Vancouver

Epístola del hijo de Afrodita



      Acecharé tu juventud imprudente, y en el menor de tus descuidos he de infectar cada gota de tu sangre, en tus sueños erguiré un palacio de fuertes cimientos; en él te abrazaré con espinas, te besaré despacio.

      Escondido a la sombra que da tu espalda, endulzaré tus oídos de bella poesía y versos hasta desmayarte, y cuando pidas por favor que me detenga, cuando cada flor que arranques del jardín de tus pesares te recuerde mi perfume, despertarás confundida, consciente de haberme tenido entre tus brazos. Entonces no podrás besar otros labios sin pensar que son los miós, ni podrás vestirte de otra piel sin sentir que mueres de frío por dentro.

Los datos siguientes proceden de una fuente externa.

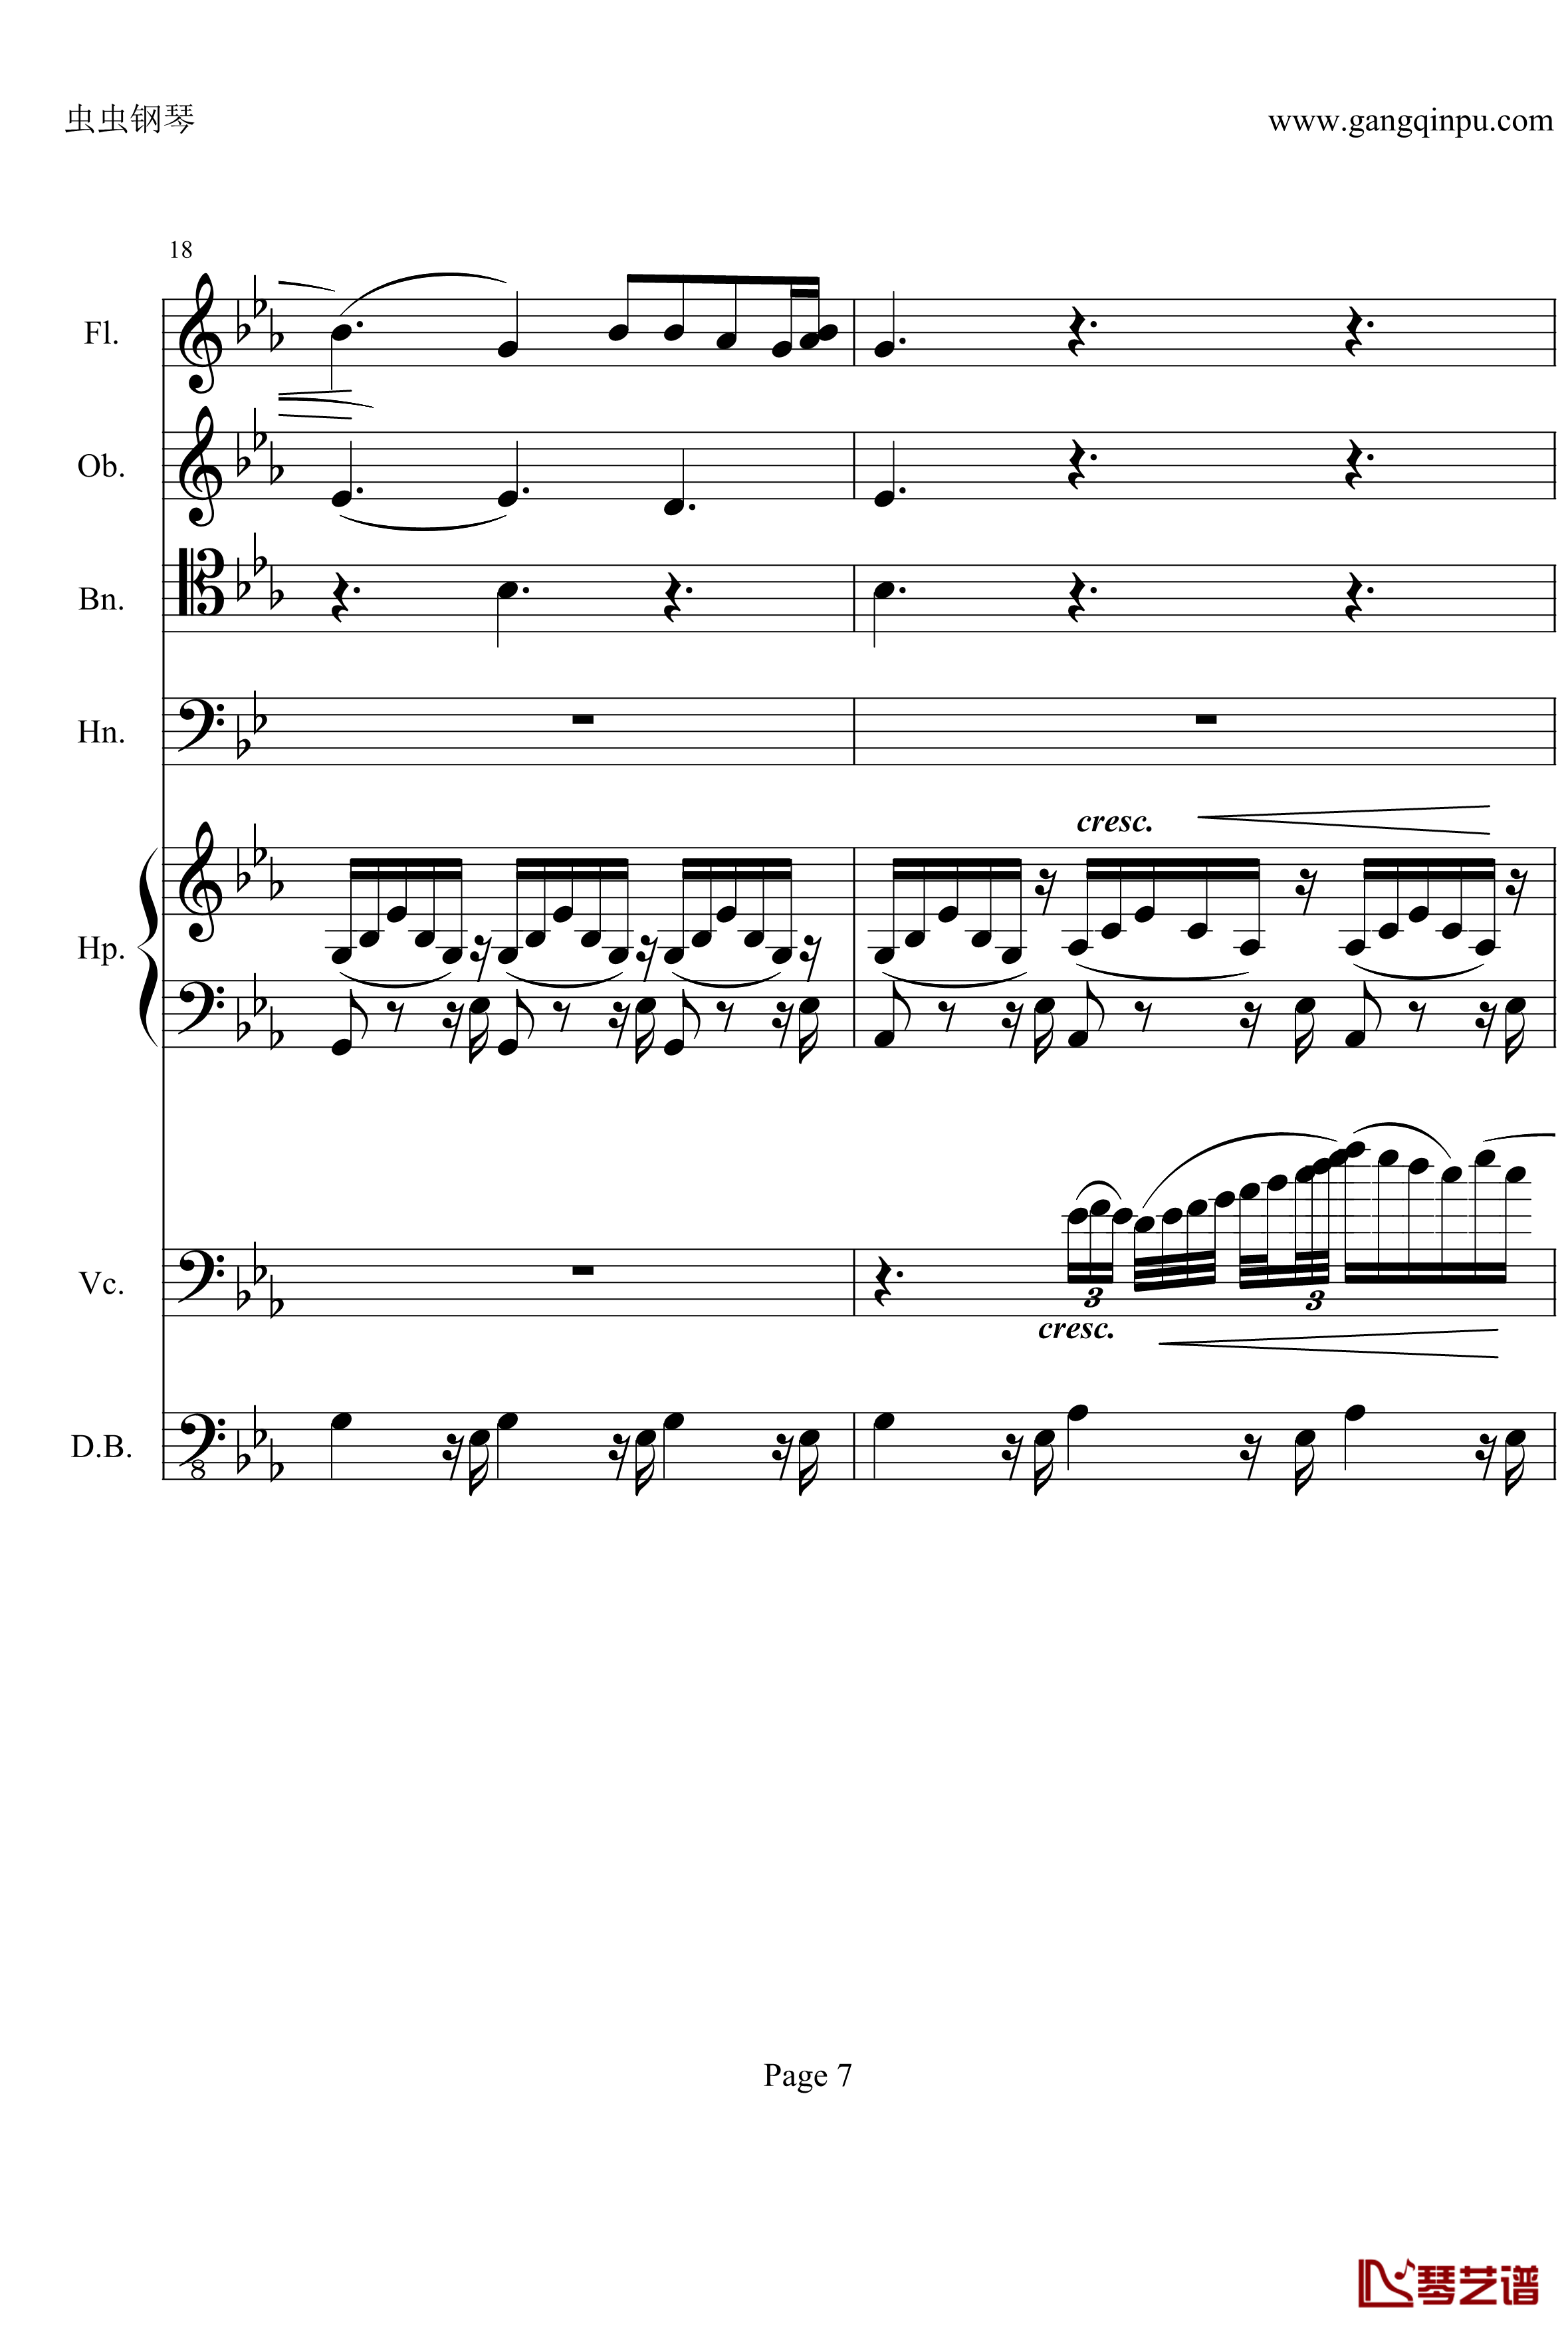 奏鸣曲之交响钢琴谱-第25首-Ⅱ-贝多芬-beethoven7

       Te sentirás sola caminando entre la gente sin encontrar mi rostro. Te saldrán arrugas intentando pronunciar mi nombre en otros brazos. Incluso cuando caiga la última hoja del árbol que viste ser semilla y muera la vida, yo seguiré estando allí en tu cabeza inamovible.

   Cuando una tarde sentada en tu jardín, una lágrima de bronca ruede por tu mejilla al no poder recordar el sonido de mi voz, sentirás la dicha y la tragedia de haberte descubierto enamorada. Un sentimiento demasiado eterno para lo fugaces que resultan ser ustedes los seres humanos.